The performance of the AGWO-GPR model was rigorously evaluated and compared against the standard GWO-GPR model. The evaluation metrics included Mean Absolute Error (MAE), Mean Squared Error (MSE), Root Mean Squared Error (RMSE), and the Correlation Coefficient (R). The results for the test set are presented in the following table.
| Evaluation Metric | GWO-GPR Model | AGWO-GPR Model (Proposed) | Improvement |
|---|---|---|---|
| Mean Absolute Error (MAE) | 0.014 82 | 0.013 45 | 9.24% decrease |
| Mean Squared Error (MSE) | 0.000 26 | 0.000 22 | 15.38% decrease |
| Correlation Coefficient (R) | 0.995 84 | 0.996 94 | Increased |
| Root Mean Squared Error (RMSE) | ~0.016 12 | ~0.014 83 | ~8.00% decrease |
The results clearly demonstrate the superior performance of the AGWO-GPR model.
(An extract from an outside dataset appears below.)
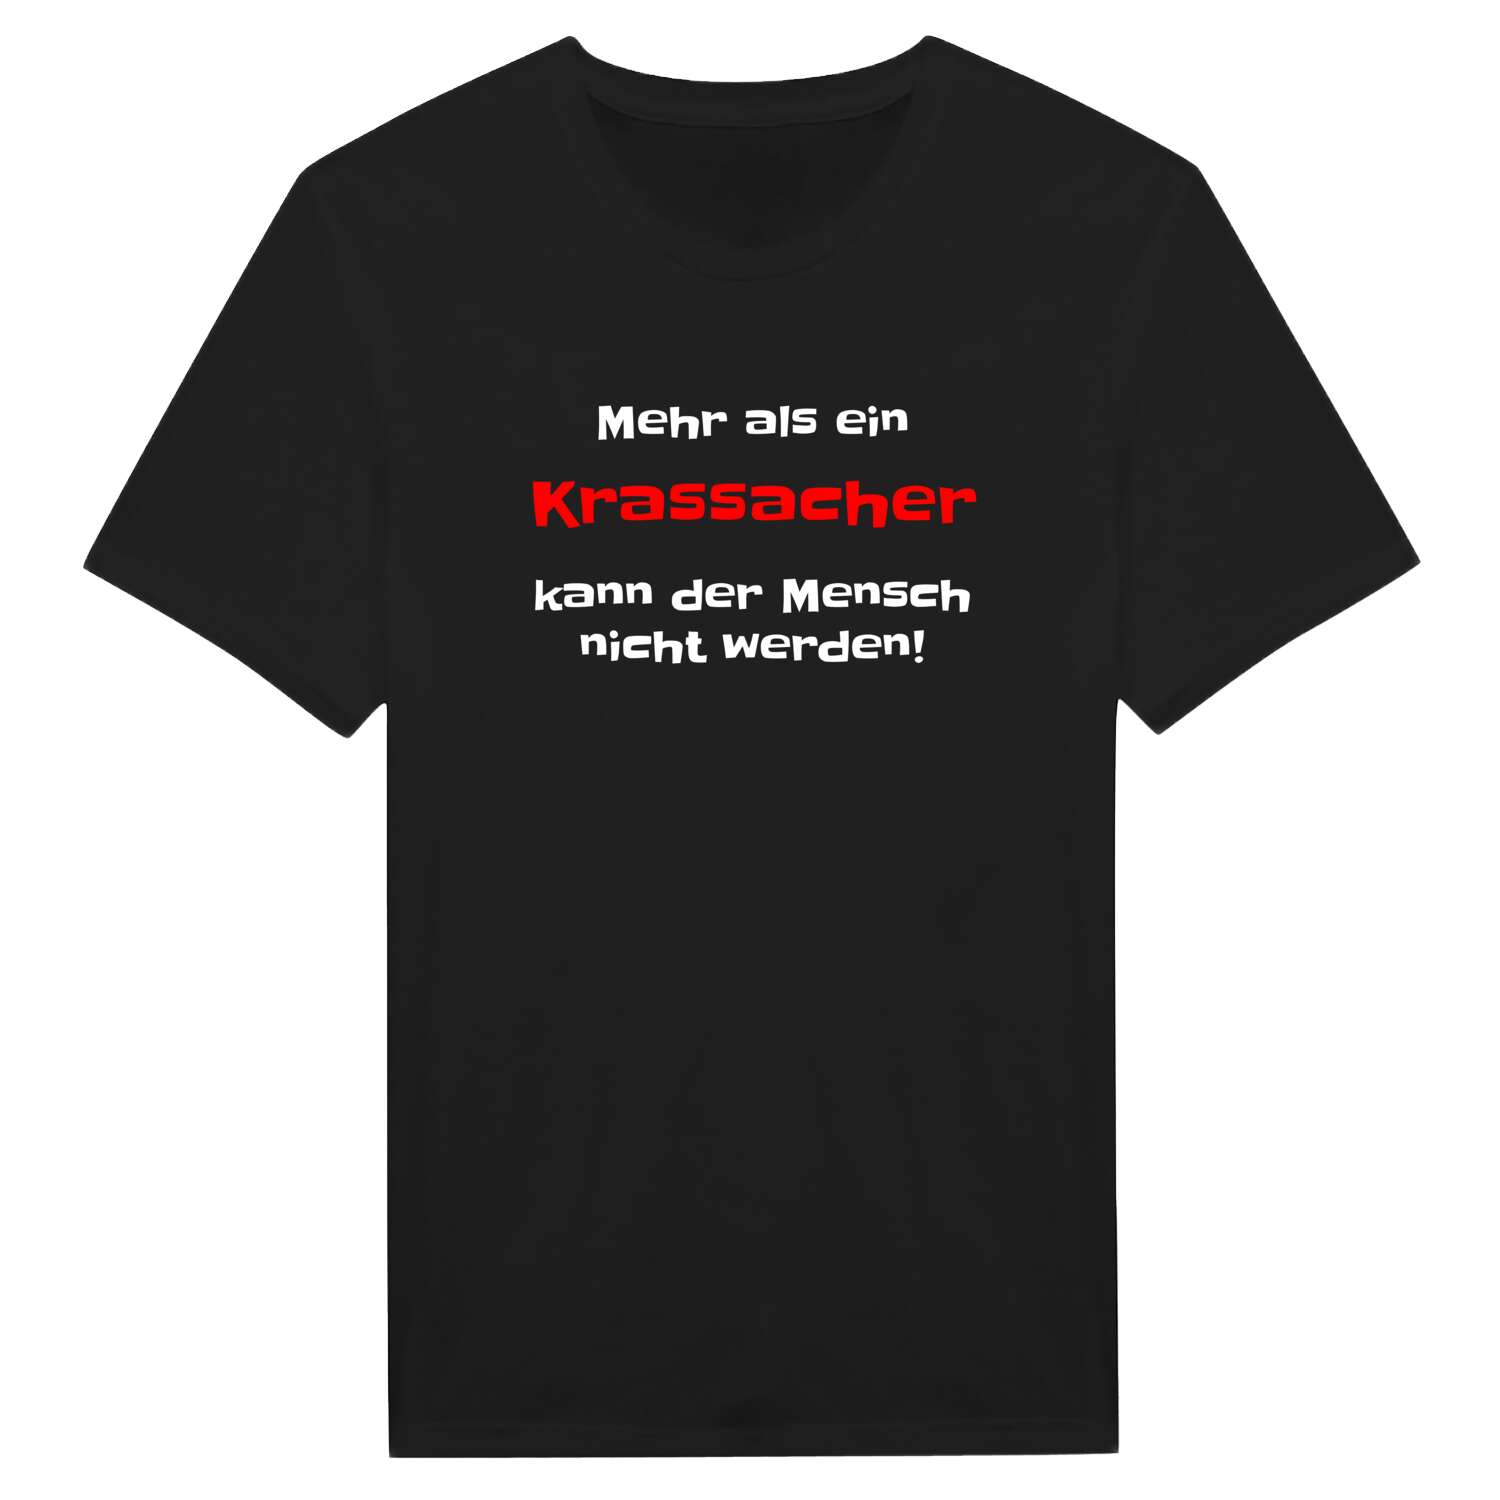 Krassach T-Shirt »Mehr als ein«

The MAE and MSE, which directly measure prediction accuracy, showed significant reductions of approximately 9% and 15%, respectively. Simultaneously, the correlation coefficient R increased, indicating a stronger linear relationship between the estimated and true SOH values. This means the AGWO-optimized model’s predictions are closer to the actual degradation trajectory of the lithium-ion battery. The AGWO algorithm’s adaptive convergence factor effectively refined the search for optimal GPR hyperparameters, leading to a model that better captures the complex, non-linear aging dynamics inherent in lithium-ion battery capacity fade.
Furthermore, analyzing the prediction plots reveals that the AGWO-GPR estimates adhere more closely to the true SOH curve compared to the GWO-GPR estimates, especially during later cycles where capacity fade often becomes more non-linear. The confidence intervals provided by the GPR framework remained reasonable, offering valuable uncertainty quantification for the state of health of the lithium-ion battery. This aspect is crucial for risk-aware BMS strategies, such as derating power or scheduling maintenance.
In conclusion, my research successfully developed and validated an AGWO-GPR model for high-precision SOH estimation of lithium-ion batteries. By integrating an Adaptive Grey Wolf Optimizer to tune the hyperparameters of a Gaussian Process Regression model, the proposed method effectively addresses key limitations related to estimation accuracy. The adaptive non-linear convergence mechanism in AGWO enhances the optimization process, leading to a more robust and accurate data-driven model. The experimental results on a standard dataset confirm that the AGWO-GPR model outperforms its non-adaptive counterpart, achieving lower error metrics and a higher correlation with the true state of health. This work contributes to the advancement of intelligent battery management systems, providing a reliable tool for predicting the remaining useful life of lithium-ion batteries, which is fundamental for optimizing the performance, safety, and economic value of electric vehicles and grid-scale energy storage systems. Future work will focus on validating the model’s generalizability across diverse lithium-ion battery chemistries, formats, and real-world driving cycles, and exploring online learning techniques to allow the model to adapt to individual battery aging characteristics.